# Word of the Day - Enamor



## Jace (Feb 14, 2022)

Word of the Day - Enamor..-ed..(British int. = Enamour)...tr.v.

Def.: To inspire with love,  capitvate, love...latin=amor 

Today be enamored of something!


----------



## Chris P Bacon (Feb 14, 2022)

I painted my  with *red* enamor because I l*♥*ve it so much!


----------



## Ruthanne (Feb 14, 2022)

Enamor is a great word for Valentine's Day.


----------



## Mizmo (Feb 14, 2022)

Chris P Bacon said:


> I painted my  with *red* enamor because I l*♥*ve it so much!

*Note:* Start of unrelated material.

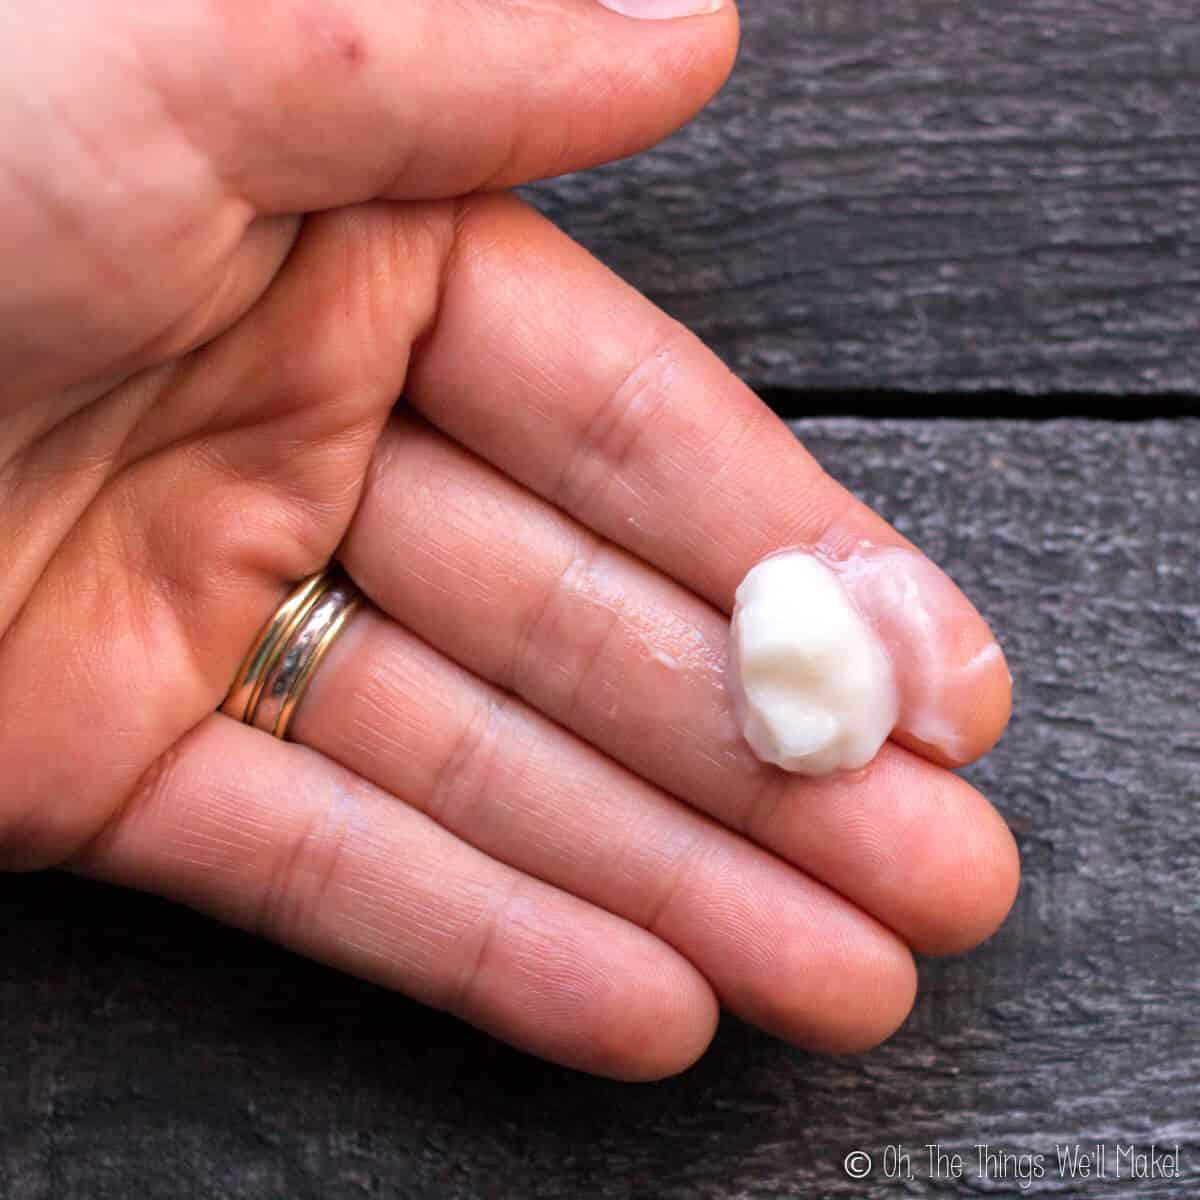 A dab of homemade conditioner in a person's hand

Chris P...that was very naughty of you  to do that. 
 I hope you are enamoured with the result


----------



## Chris P Bacon (Feb 14, 2022)

Mizmo said:


> Chris P...that was very naughty of you  to do that.
> I hope you are enamoured with the result


Actually, I think that I'm feeling enamored with you!
Maybe it's just the day but maybe it's something _more_!?
N'est ce pas?


----------



## Mizmo (Feb 14, 2022)

Chris P Bacon said:


> Actually, I think that I'm feeling enamored with you!
> Maybe it's just the day but maybe it's something _more_!?
> N'est ce pas?




Hahaha...I think we will just leave it up to  this  enamoured day of romance mon ami..it will pass...eh non?


----------



## Chris P Bacon (Feb 14, 2022)

Mizmo said:


> Hahaha...I think we will just leave it up to  this  enamoured day of romance mon ami..it will pass...eh non?


Me oui, merci becoup!


----------



## Kaila (Feb 14, 2022)

Jace said:


> Today be enamored of something!


Great advice!
Today, I will keep an eye out, for _something I could possibly be *enamored* with!  _


----------



## Mizmo (Feb 14, 2022)

Kaila said:


> Great advice!
> Today, I will keep an eye out, for _something I could possibly be *enamored* with!  _



just keep an eye out for ChrisP....he* and* his car are enamoured


----------



## palides2021 (Feb 14, 2022)

Are you enamored with love, or do you love to be enamored?


----------



## Kaila (Feb 14, 2022)

palides2021 said:


> Are you enamored with love, or do you love to be enamored?


Either one would be fine; thanks for asking.


----------



## Kaila (Feb 14, 2022)

Mizmo said:


> just keep an eye out for ChrisP....he* and* his car are enamoured View attachment 208595



Well, since the car is _enamored, _they will both be easy to spot! 

 _There goes ChrisP !_


----------



## hollydolly (Feb 14, 2022)

I'm totally enamoured by my new clothing I bought this week ready for summer when it gets here....


----------



## RubyK (Feb 14, 2022)

I recently became _enamored_ of Andre Rieu from Holland and his delightful orchestra. His shows on YouTube are wonderfully entertaining.


----------